Which brings us to the third set of rules: Some systems claim various degrees of artificial intelligence. Probably the most effective approach are systems that learned from previous activity of clearing alerts. For example, a particular type of alert for volatility has changed by two standard deviations for account X this month. Next year, the system remembers this occurred; thus, this will become the seasonal factor, or the threshold will raise every time an investigator clears an alert that he or she found not to be problematic. However, every time an investigator finds an alert that he or she filed a SAR on, the system will lower the threshold.

All of the above leads us to the big question: Does it work?

Interdiction is conceptually pretty simple unlike finding money laundering transactions or trying to figure what is terrorist financing. With interdiction, one has the listed names published by OFAC and the European Union. Around the globe, BNP Paribas uses at least three different systems. Some are proprietary and some are vendors. As a test, what they did was take one day of about twenty thousand dollars in fund transfers cleared through their New York network. BNP Paribas usually use different tools for different pieces, but with this test, they applied the same tools for that day to the same data. The results?
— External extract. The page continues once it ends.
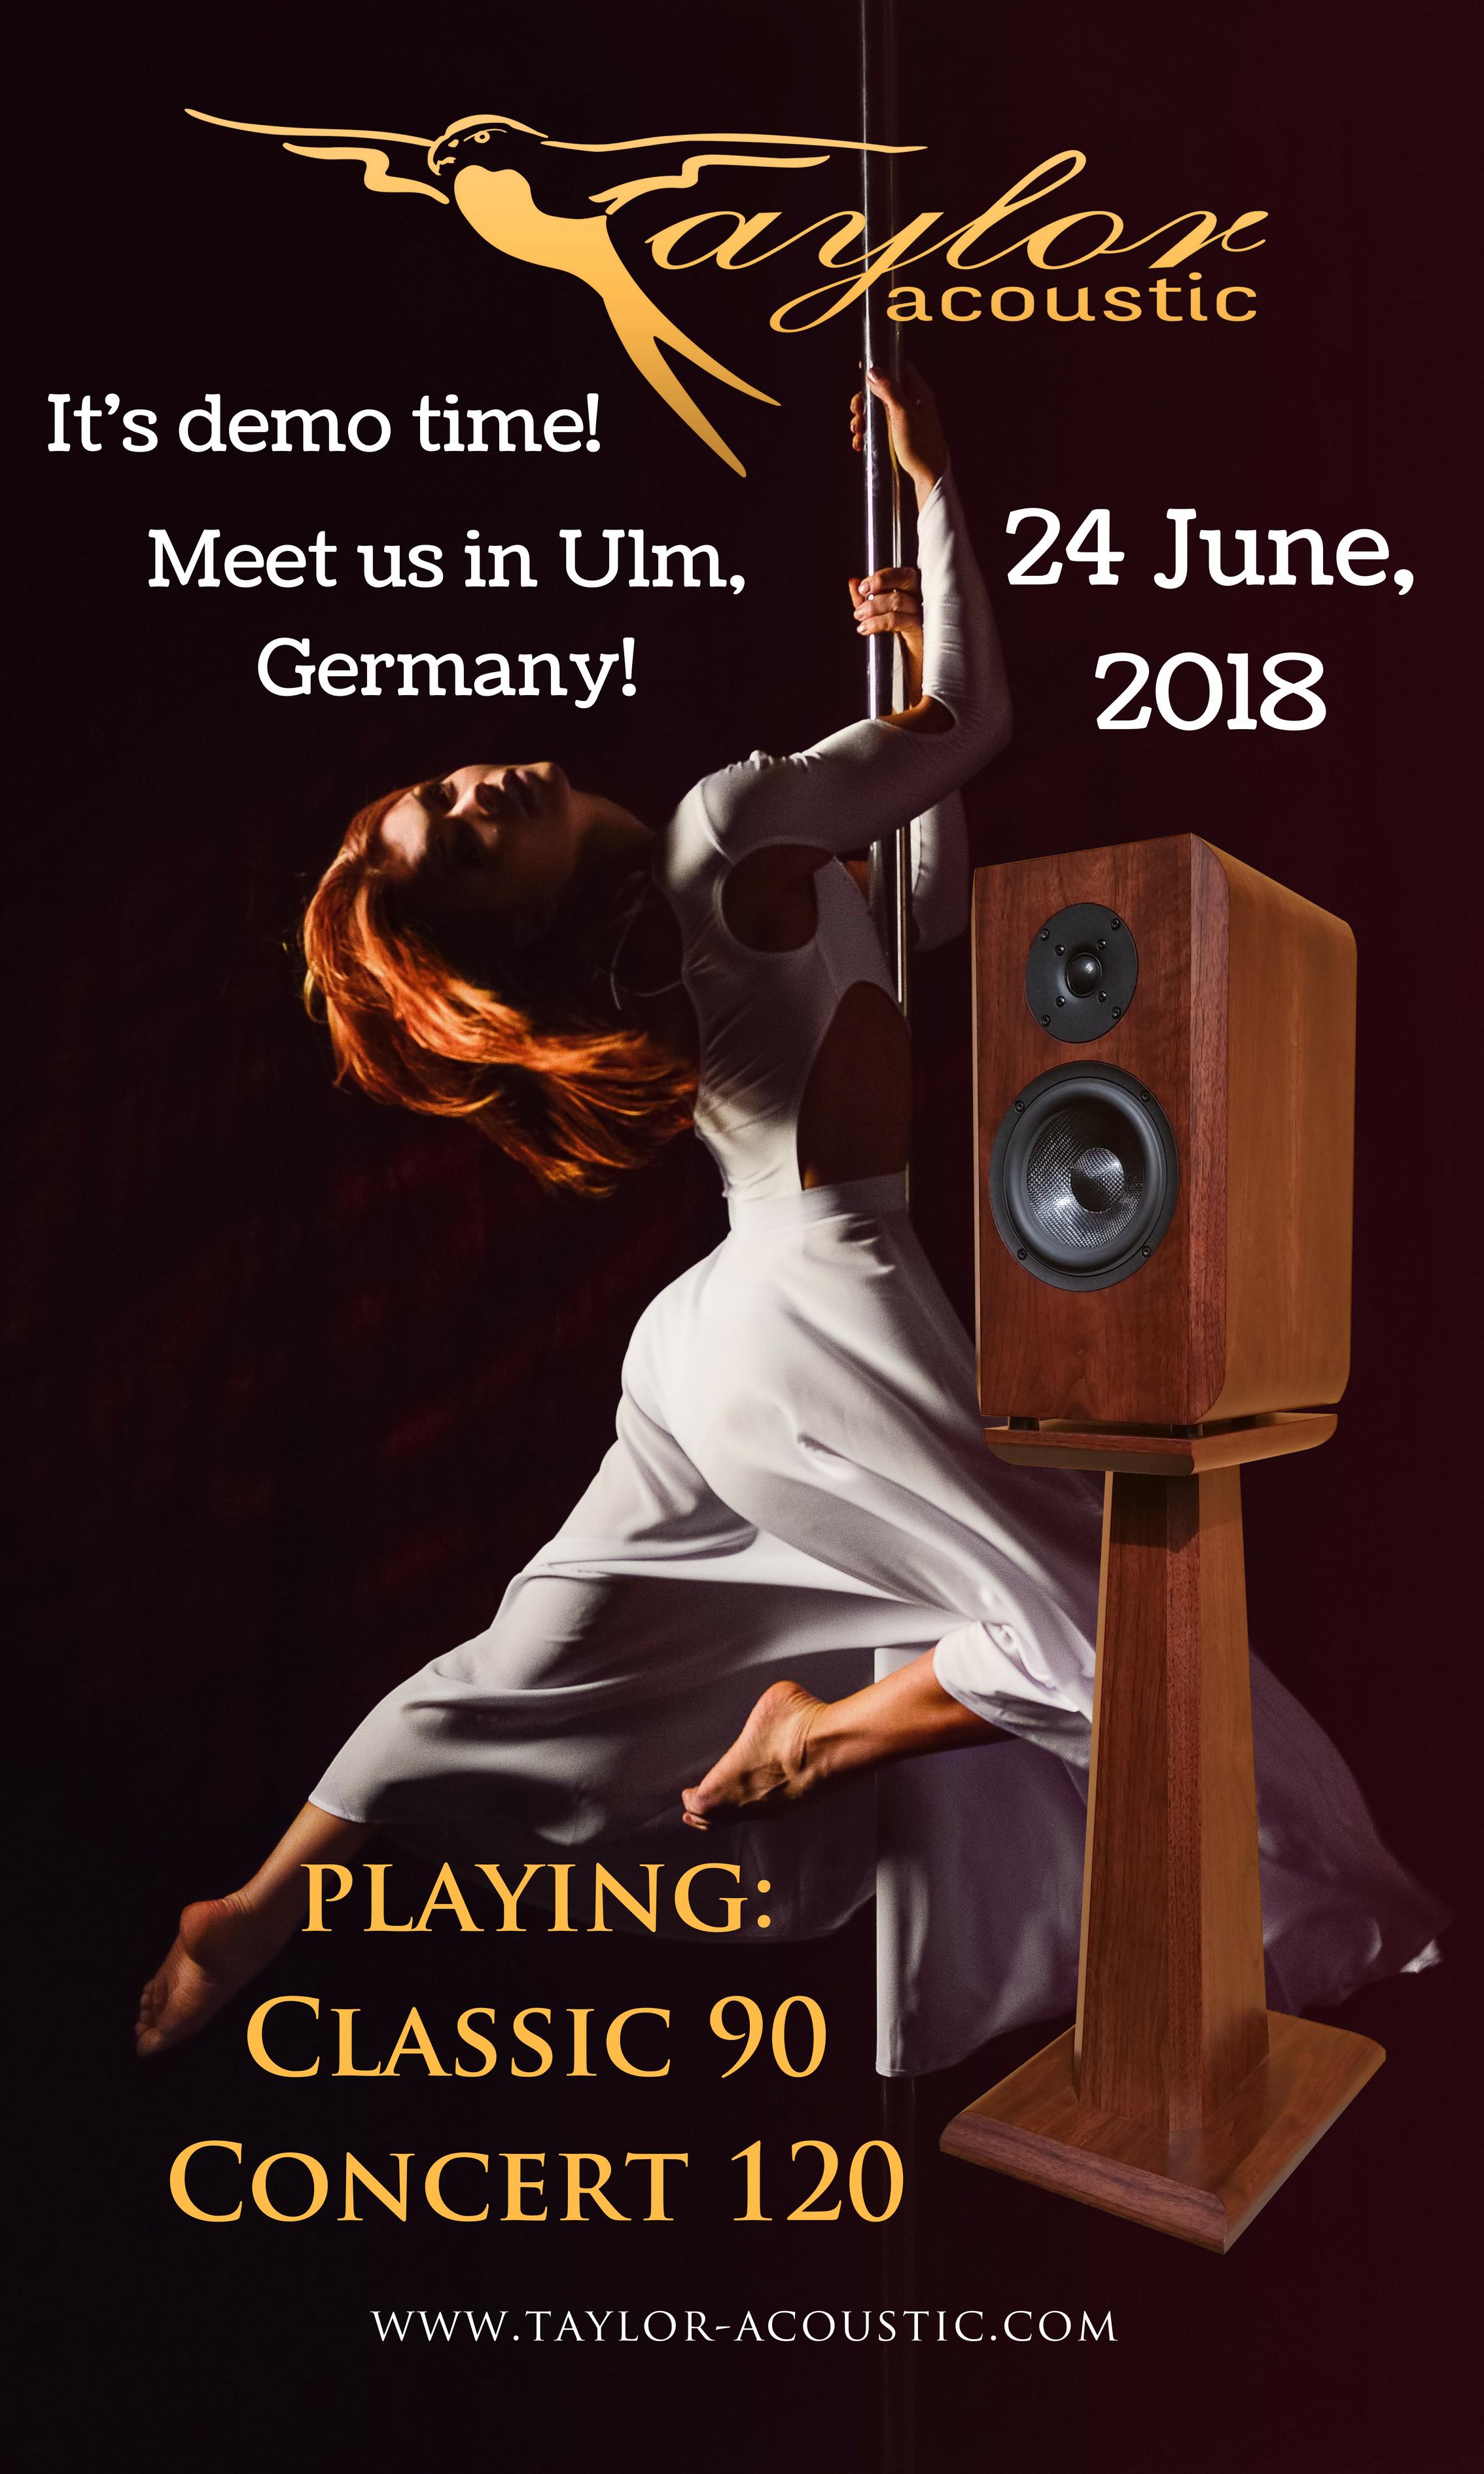 Taylor Acoustic demo in Ulm, Germany, 2018 June 24
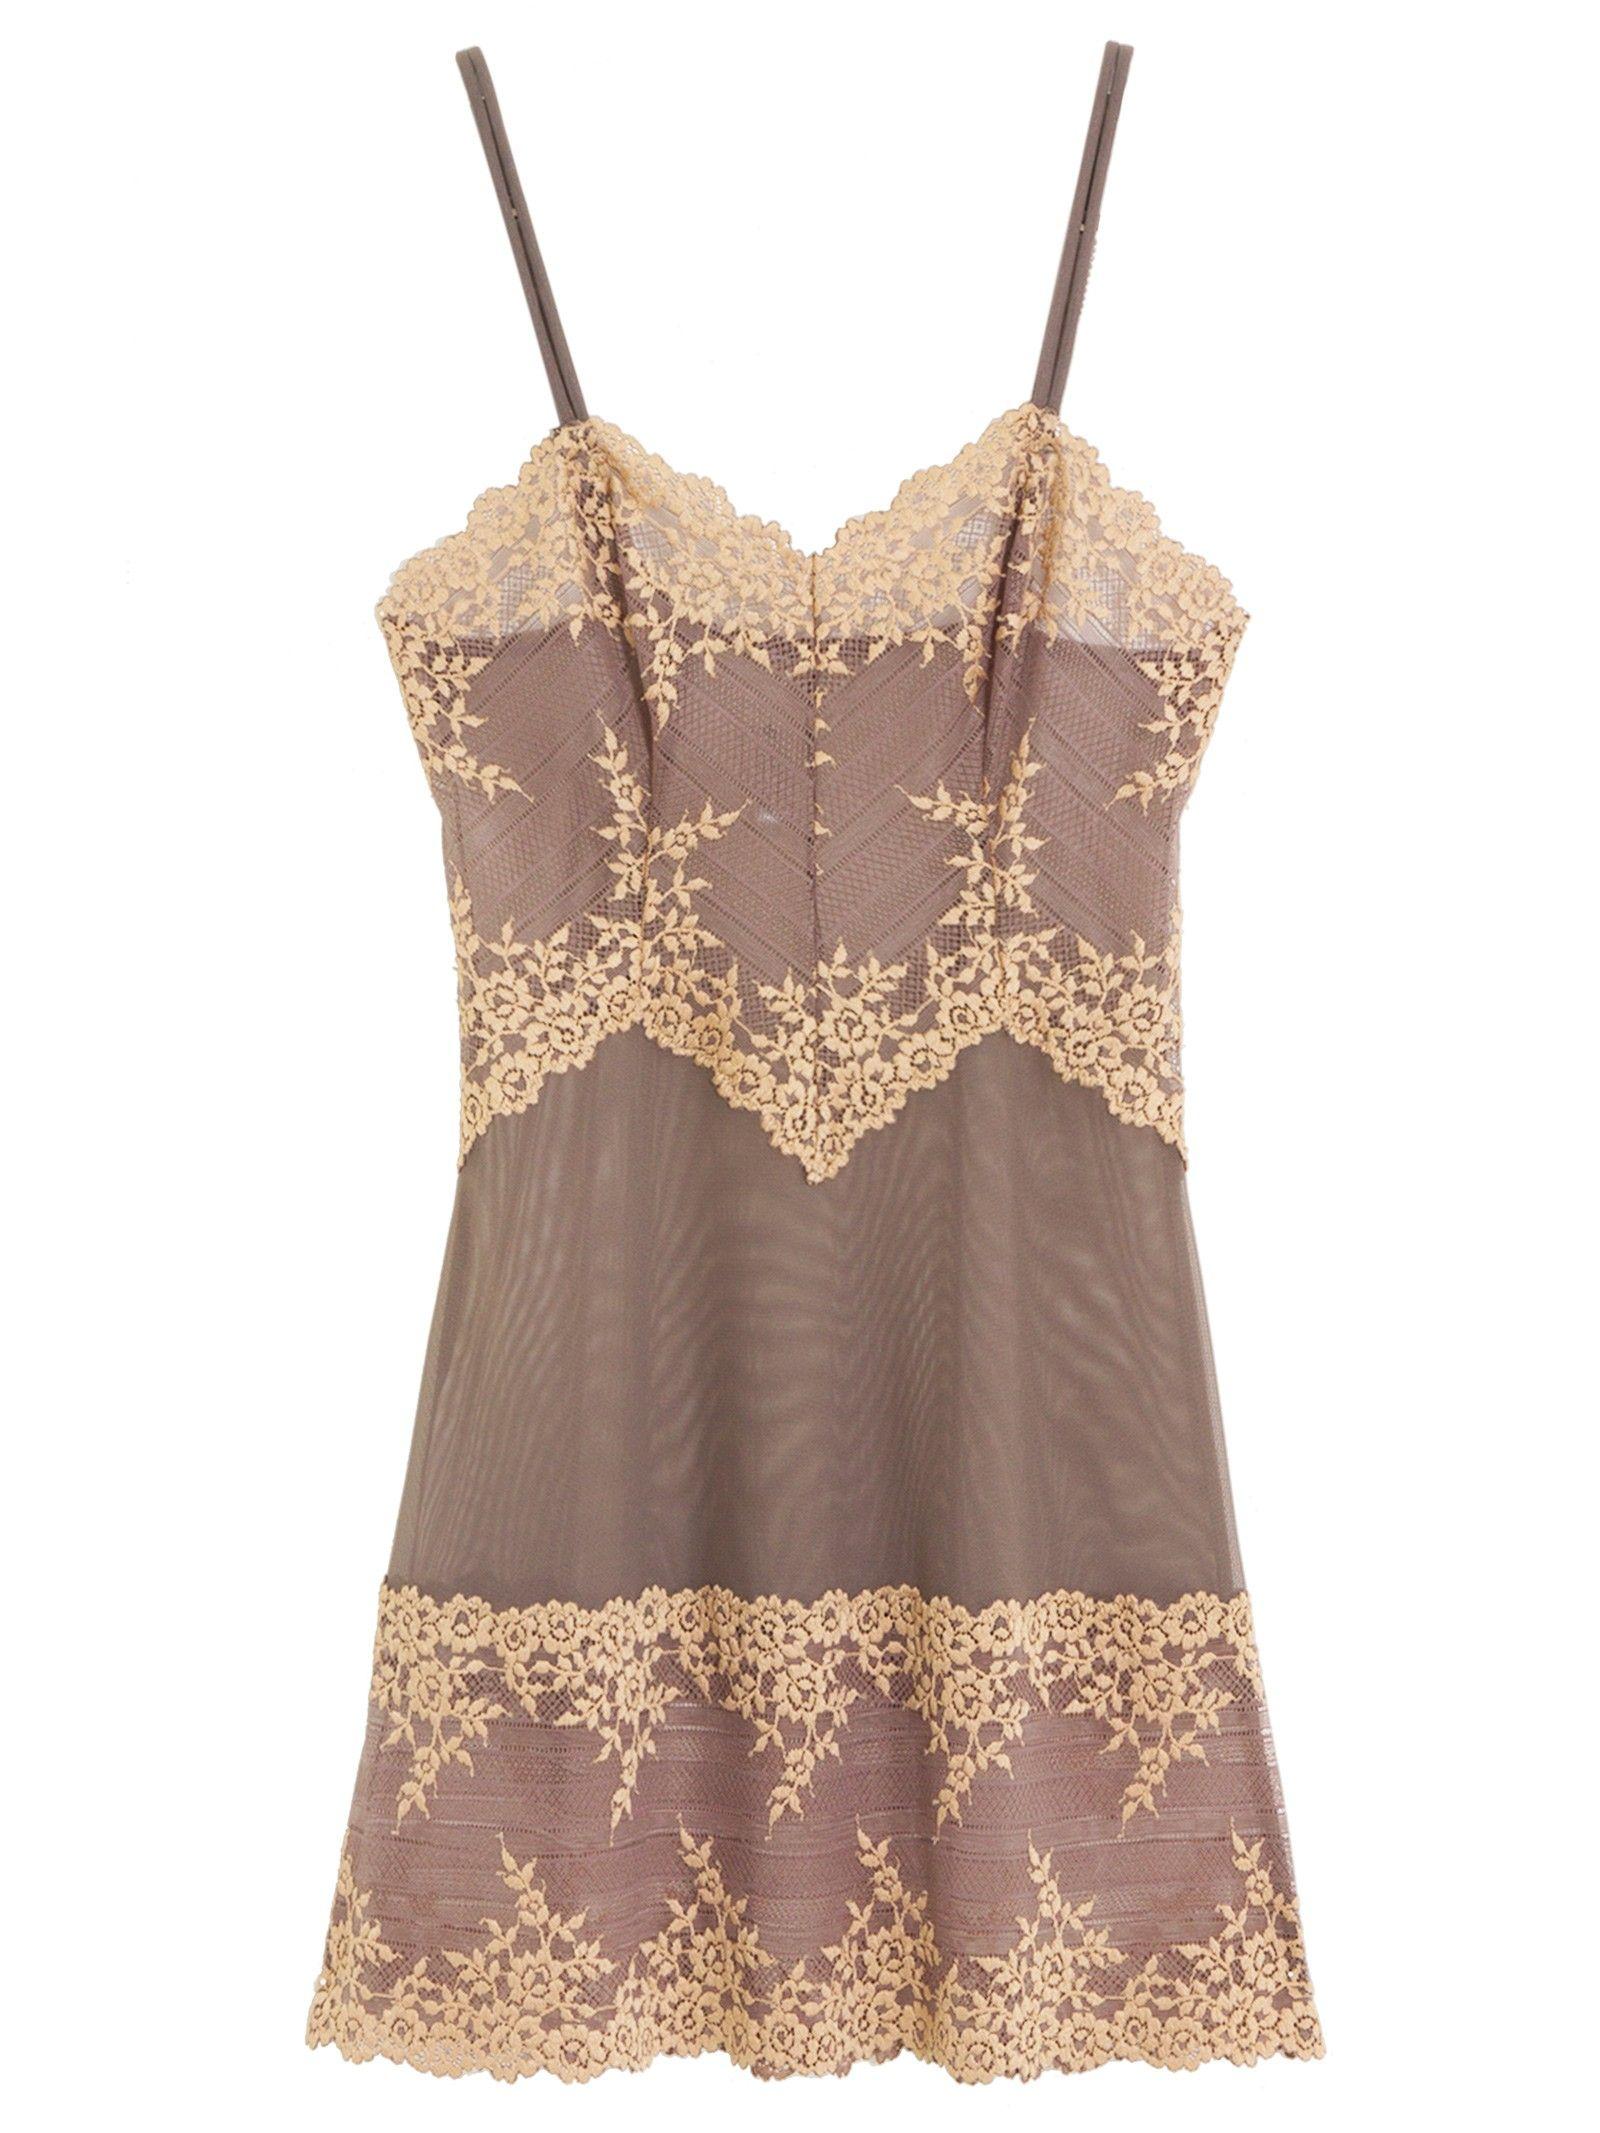 7d32d14c9 Camisola Embrace Lace - Wacoal Loungerie Loja

There was a surprising lack of overlap. Of the six thousand alerts that were generated via the different algorithms: Phonetic (460); Stop Descriptor (1008) and Fuzzy Logic (5529), only 176 were flagged by all three. (See page 8 for the diagram.)

That day, BNP Paribas knew there was one transaction that should have been interdicted, one out of the twenty thousand that they actually stopped and reported to OFAC. Fortunately, all three systems caught that one; flagged in the middle of the 176 transfers. In actuality, out of that day, only one of the 6000 alerts was a true

hit, in the sense that it was a transaction that had to

be rejected.

Bear in mind that if a payment is eventually released, it does not necessarily mean that the filter was defective. For example, a payment with the reference field; "payment for Cuba" would have to be stopped and investigated. If the investigation revealed that the payment was going the actor Cuba Gooding, it would be released. A false positive but through no fault of the filter.
The interesting thing is that there was so little overlap among the above-referenced filtering tools. Even though they were all supposed to be working from the same lists, the end results were very different. So, how does one account for the differences? It could be one system is using a slightly flawed list, in that certain OFAC entities were not promptly updated. Or they may have a system that eliminates certain common nicknames found on OFAC's list. The truth of the matter is, each of the systems generates a lot of false positives, and to a greater extent, each generates different false positives.